Ancient Kiln Found in Alacahöyük, Ancient City in Turkey


Alacahöyük is the site of a Neolithic and Hittite settlement and is an important archaeological site. It is situated in Alaca, Çorum Province, northeast of Boğazkale where the ancient capital city Hattusa of the Hittite Empire was situated. The work revealed considerable local wealth and achievement even before the time of the Hittites, with the earliest occupation dating from the 4th millennium BC. Tombs of the 3rd millennium BC feature metal vessels, jewelry, weapons, and pole finials of bulls, stags, as well as abstract forms often interpreted as solar symbols. Studies have shown that there are four layers of different cultures at Alacahöyük. These are the chalcolithic, Early Bronze Age, Hittite and Phrygian which are again divided into 15 distinct layers themselves.
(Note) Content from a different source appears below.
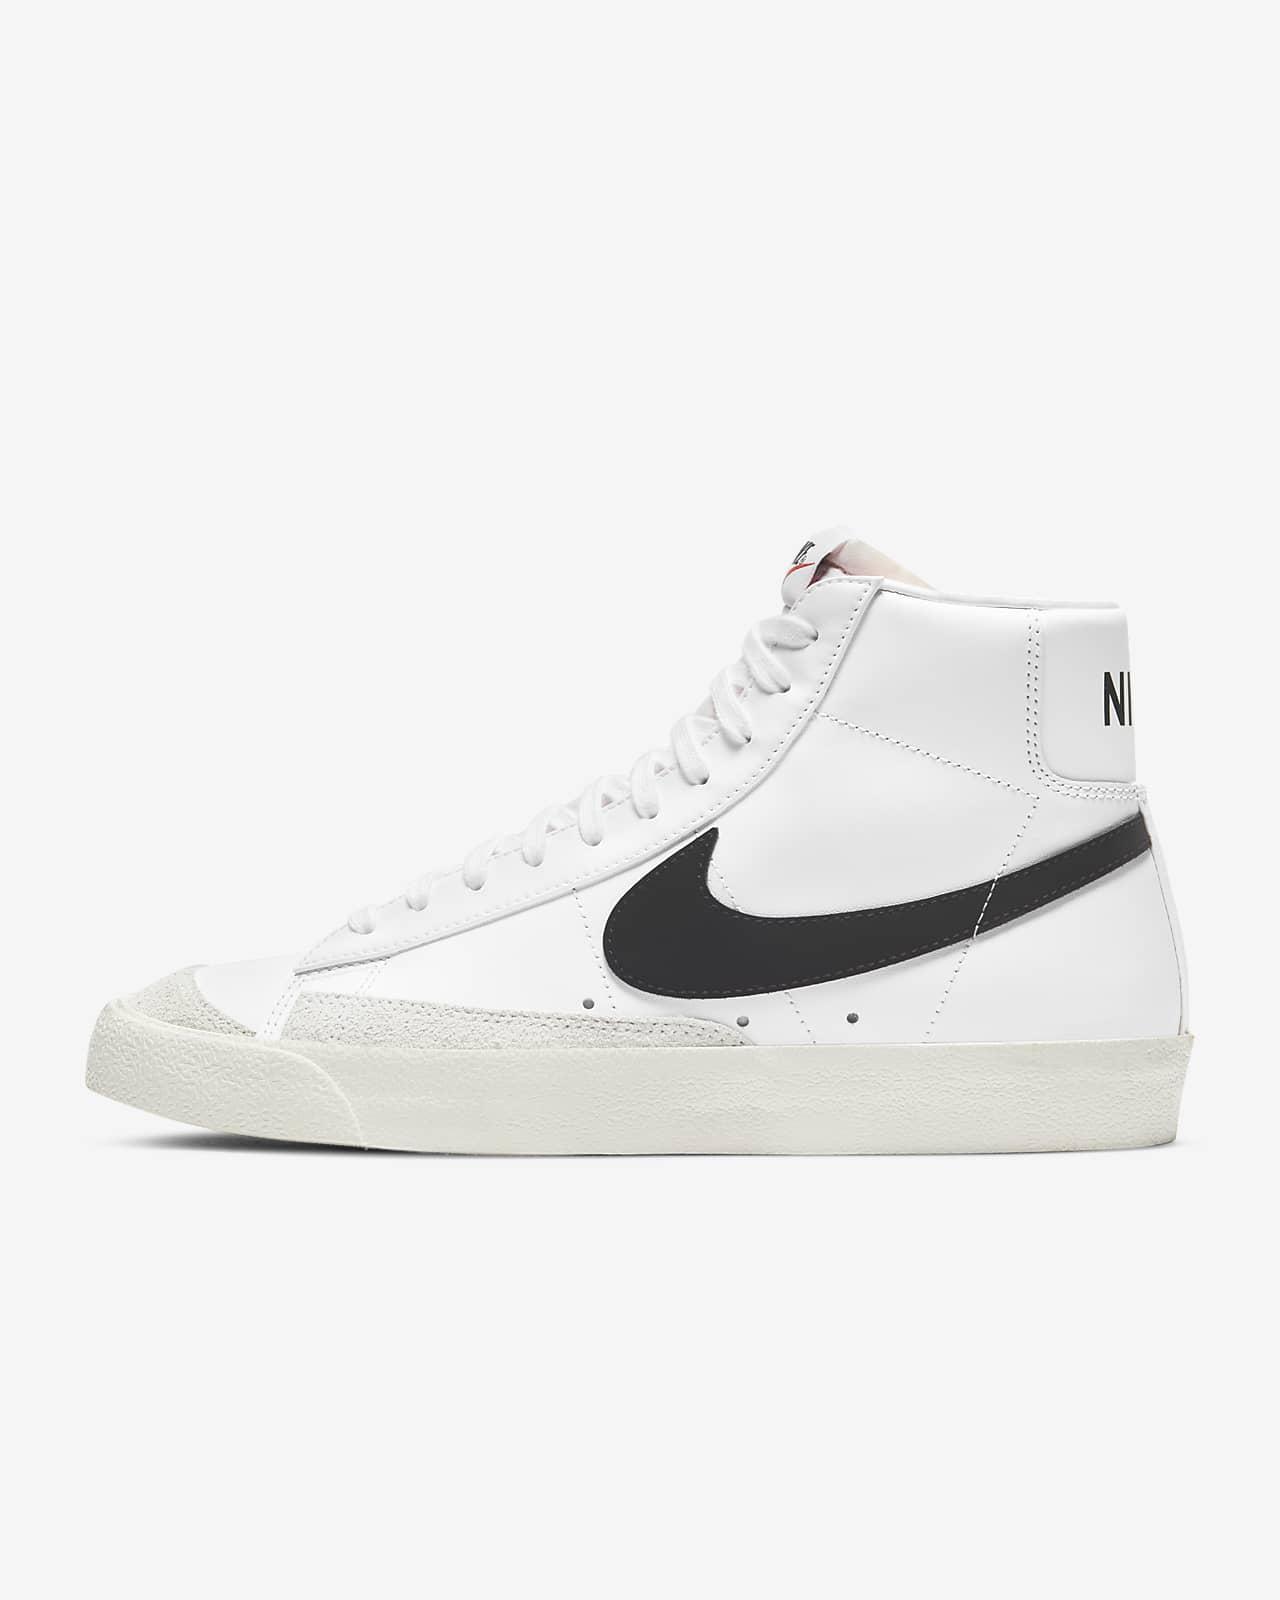 Ανδρικό παπούτσι Nike Blazer Mid '77 Vintage

Excavation at the site resumed in 1994, and is now directed by Professor Aykut Çınaroğlu. Çınaroğlu said that with a team of 20 people, they were working on layers from the Bronze Age as well as the Hittite civilization.

A nearly 4,000-year-old Bronze Age kiln has been found during these excavations in the ancient city of Alacahöyük in Turkey. It is an insulated chamber used as a type of oven. The kiln dates back to the Bronze Age. It’s the first kiln found in this area and is very well preserved. There’s been a dig at this location for over a hundred years and only 13% of the site has been uncovered yet.


They also found pieces from the Phrygians in the excavation area and unearthed very beautiful seals. Professor Aykut Çınaroğlu calls the kiln as a monumental finding when compared to other small pieces uncovered. It is nearly 2.5 meter high and some 4,000 years old. Half of the kiln has so far stayed strong. The kiln will be restored during 2014 works and now it is under protection. Çınaroğlu said “There are many more areas to be excavated. This is Alacahöyük, we should wait for new surprises every year.”


This finding, surely, will bring a new perspective to the ceramic production that is over an 8000 years old tradition in Anatolia.